**PROVIDED DATA**
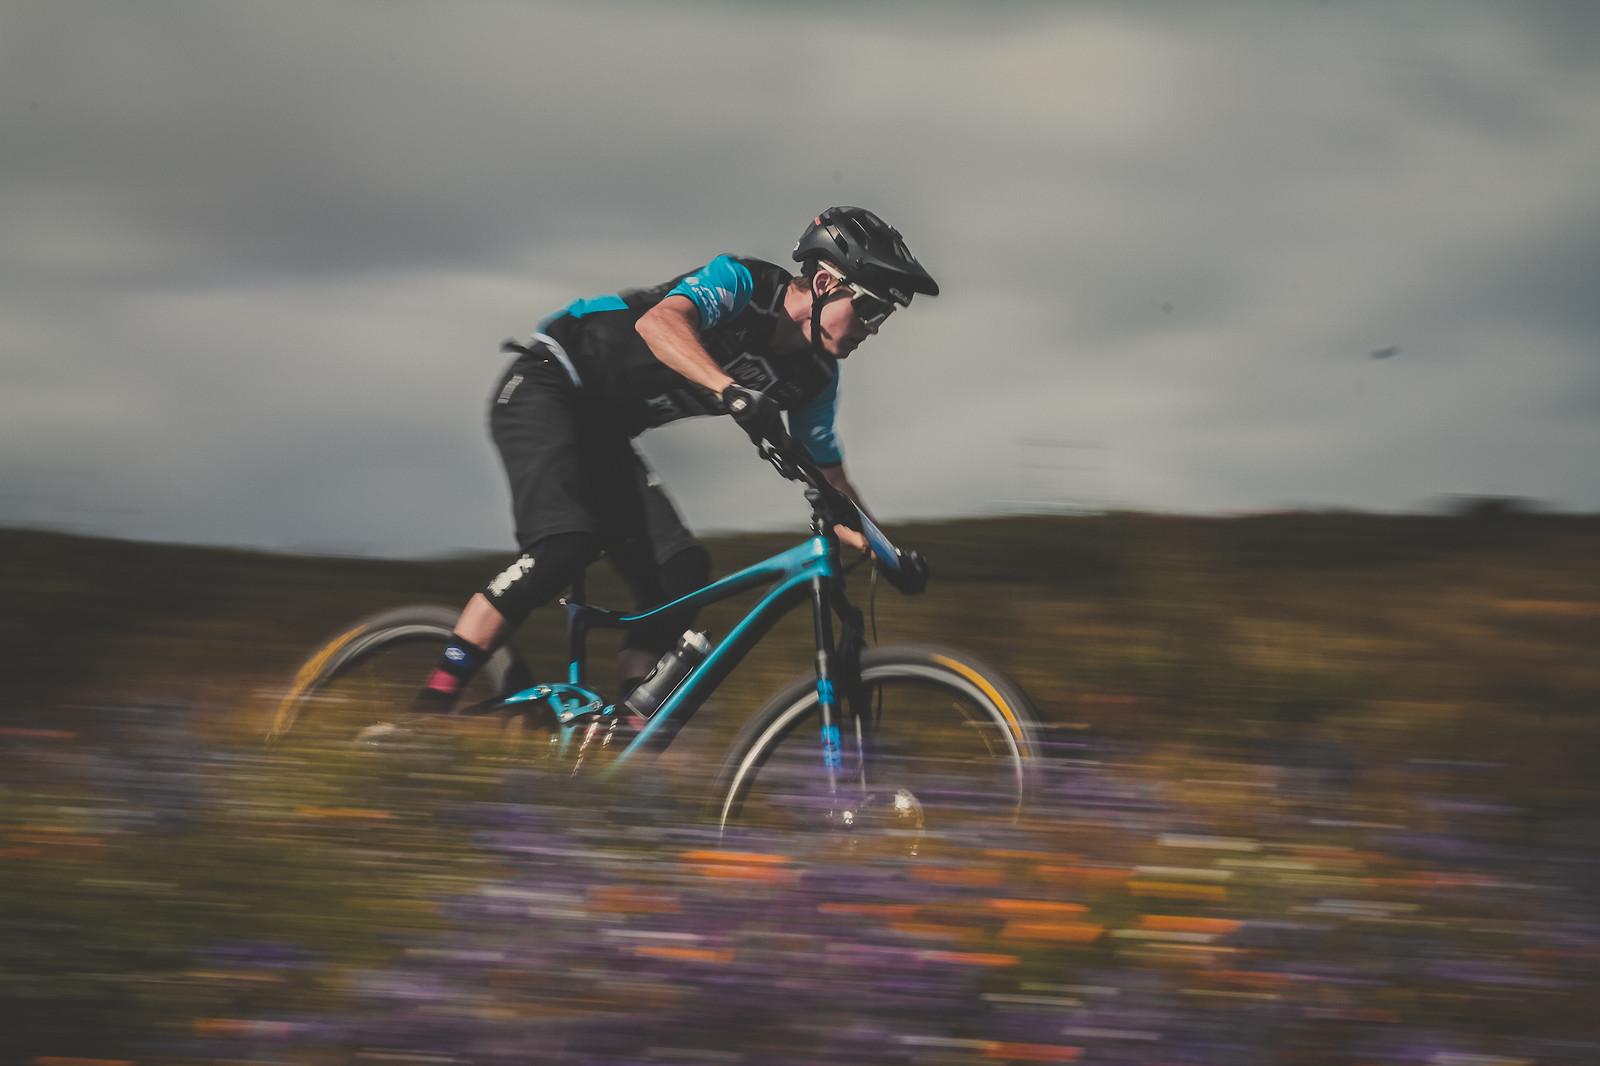 IMG 2089 - Liam Donohue - Mountain Biking Pictures - Vital MTB
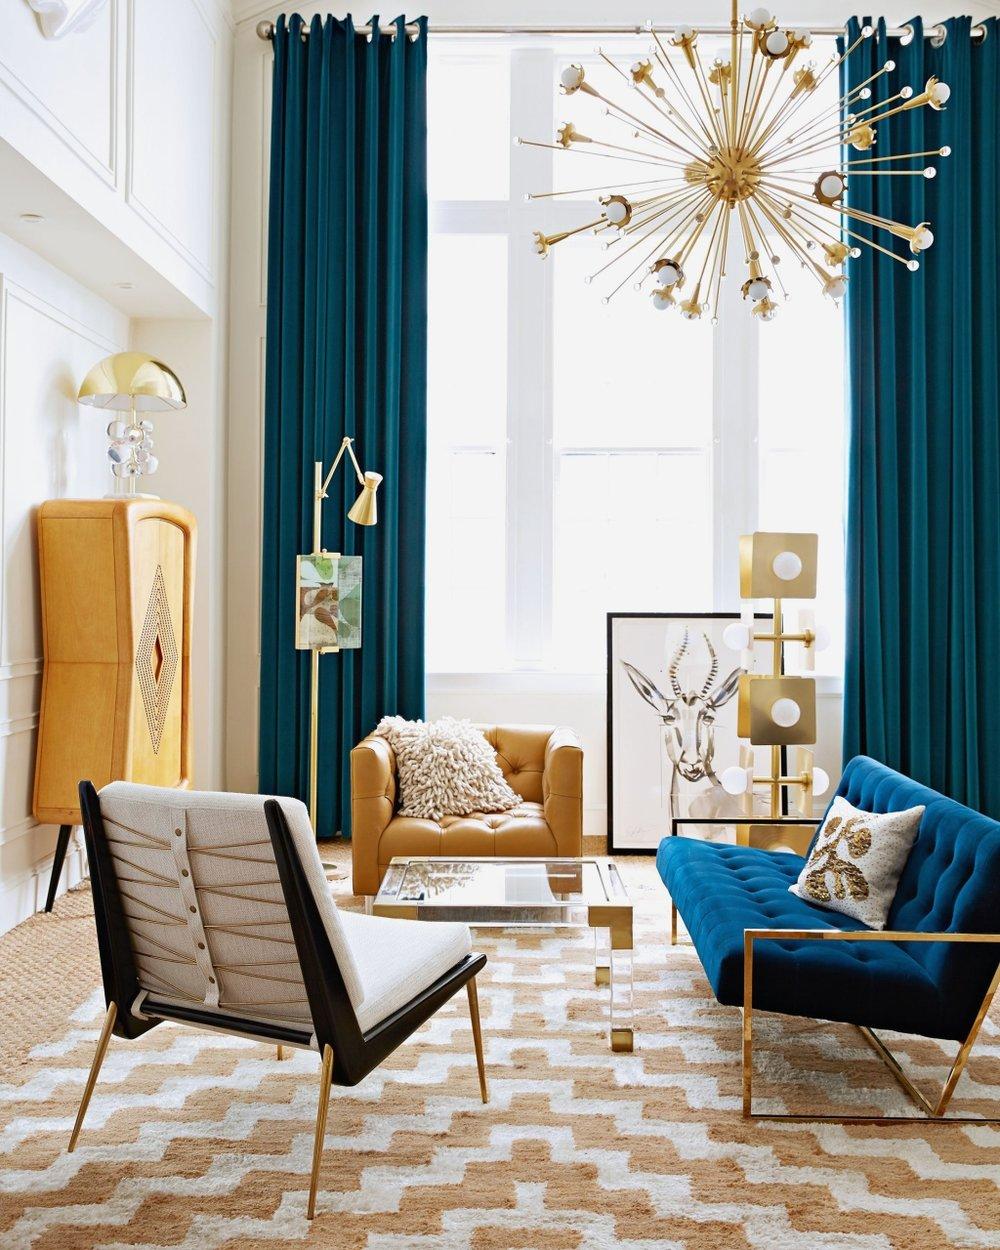 Jonathan Adler New York - View Jonathan Adler Decor Home Decoration Ideas Designing Classy
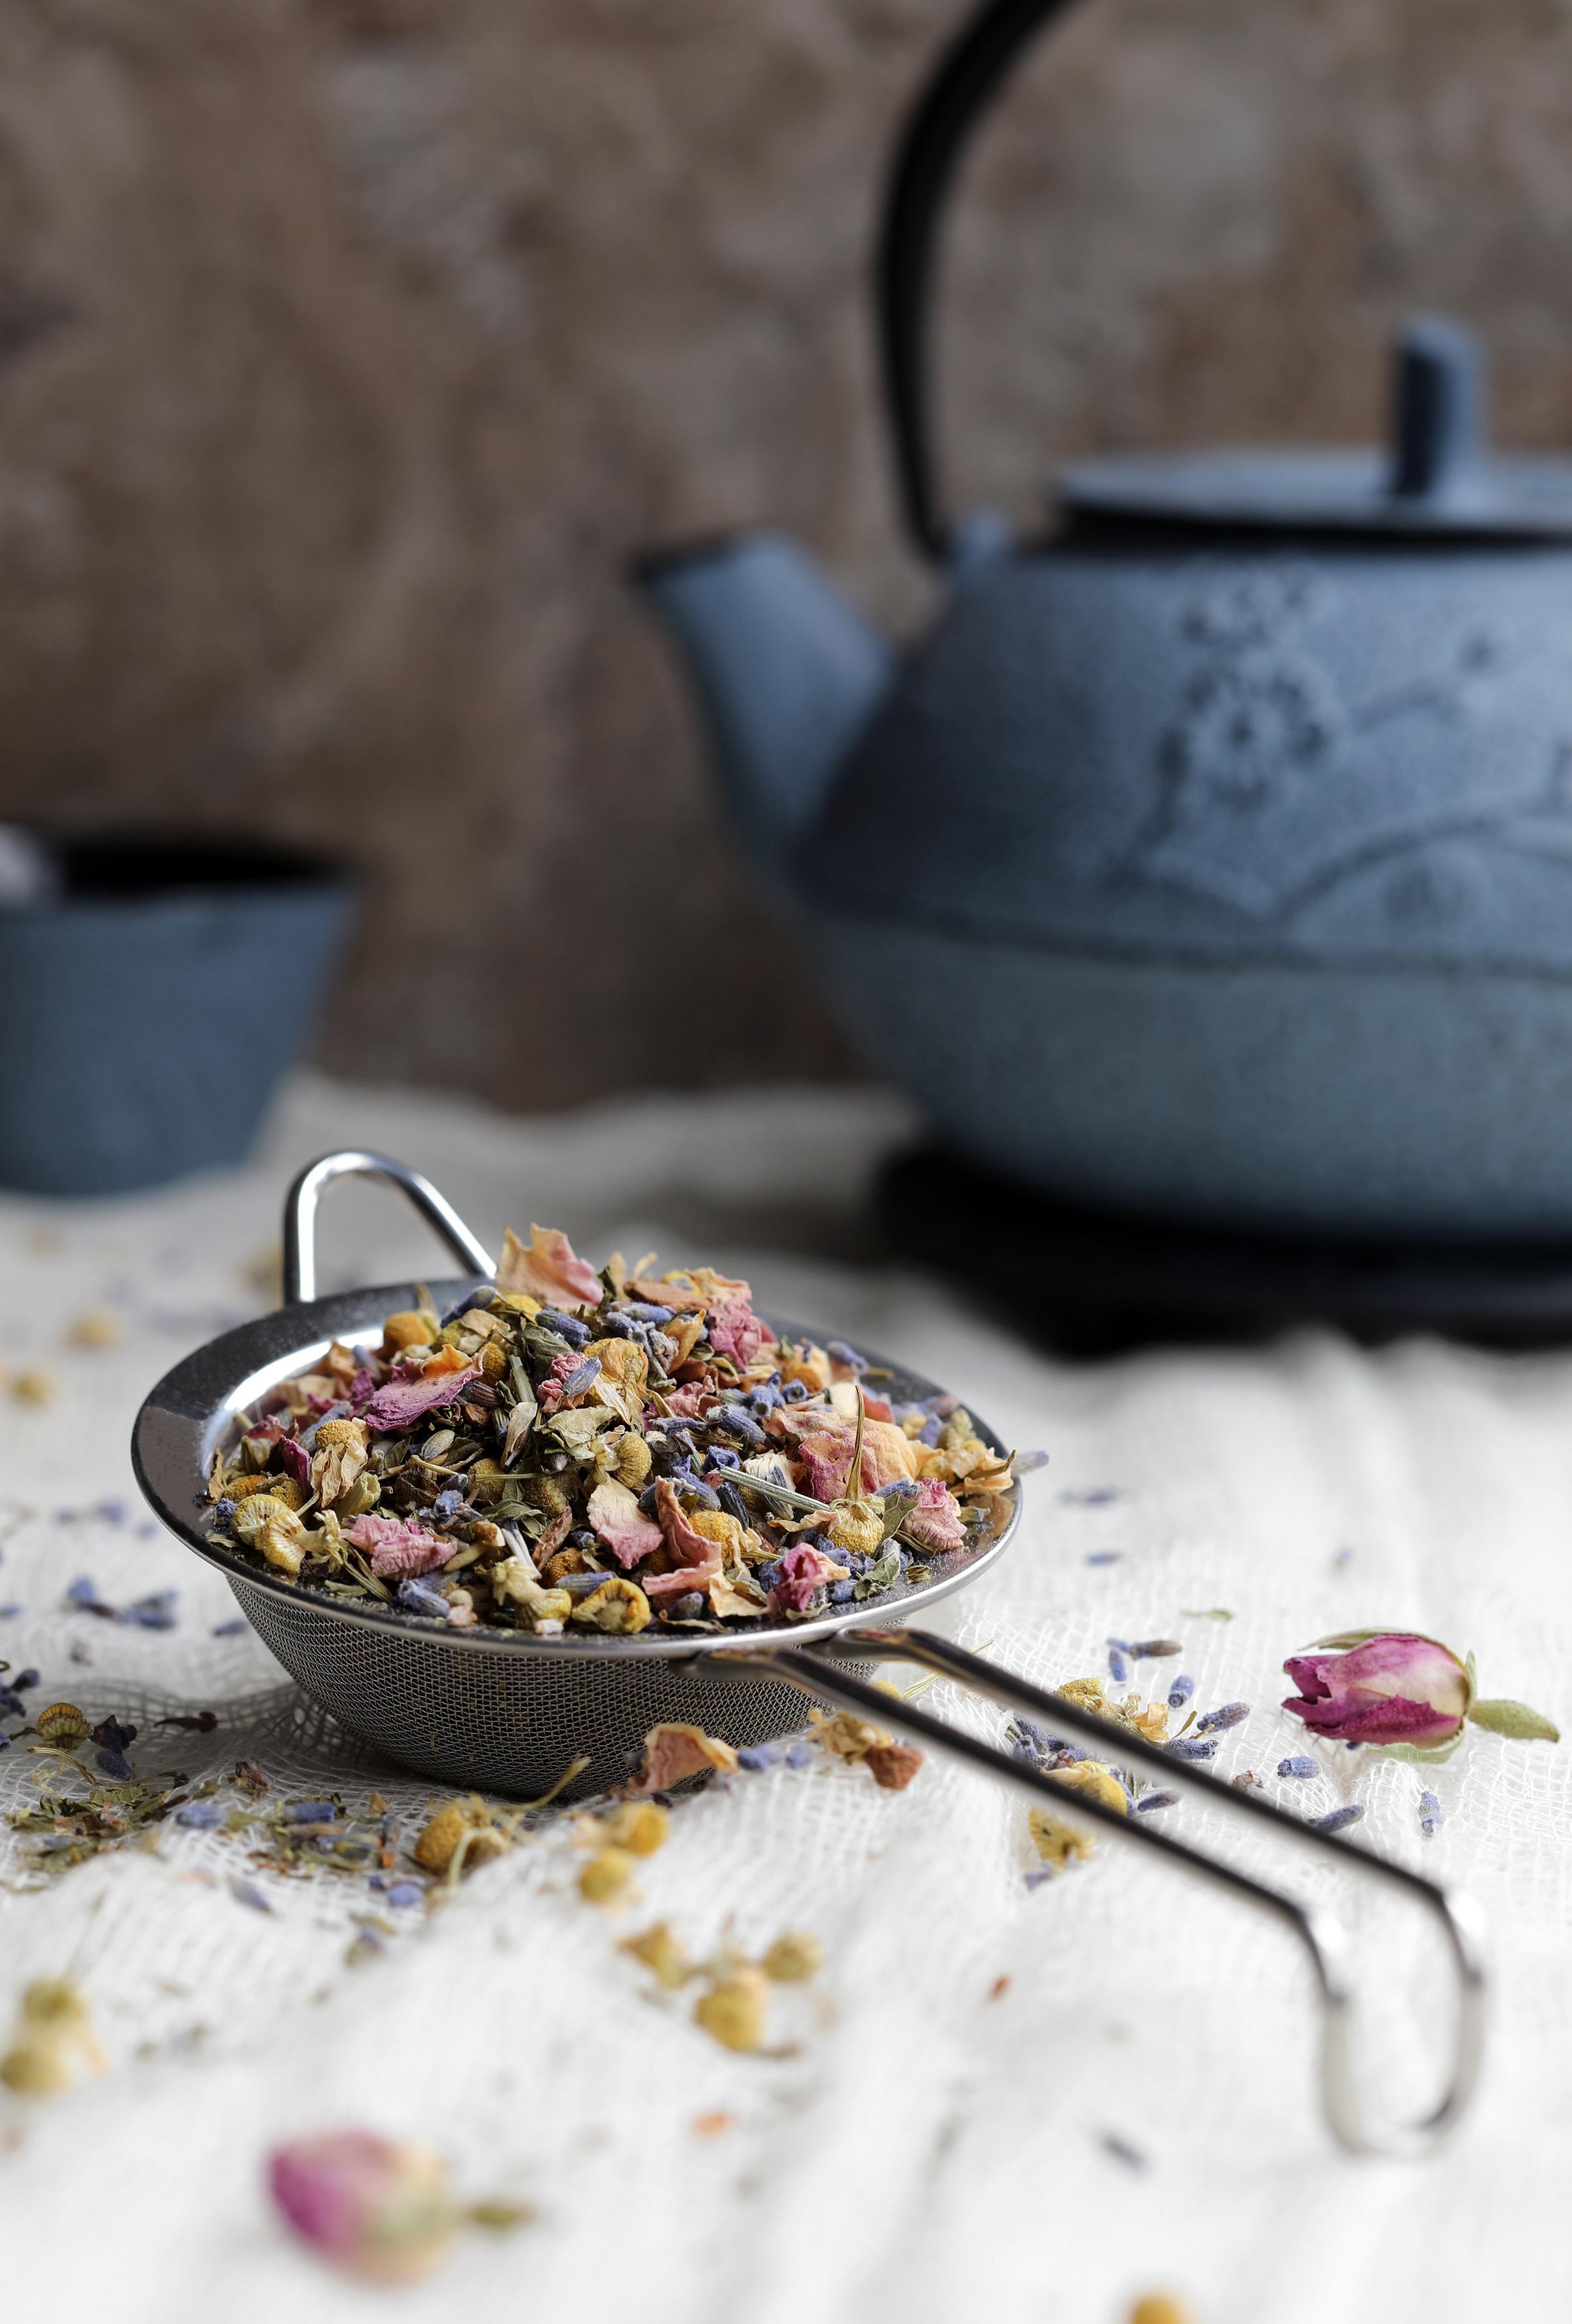 Metal mesh strainer holding floral herbal tea sitting next to cast iron tea pot

**TASK OBJECTIVE**
Please set down the whole listing exactly, apart from the pictures.

**EXERCISE RESPONSE**
 IMG 2089 - Liam Donohue - Mountain Biking Pictures - Vital MTB
 Jonathan Adler New York - View Jonathan Adler Decor Home Decoration Ideas Designing Classy
 Metal mesh strainer holding floral herbal tea sitting next to cast iron tea pot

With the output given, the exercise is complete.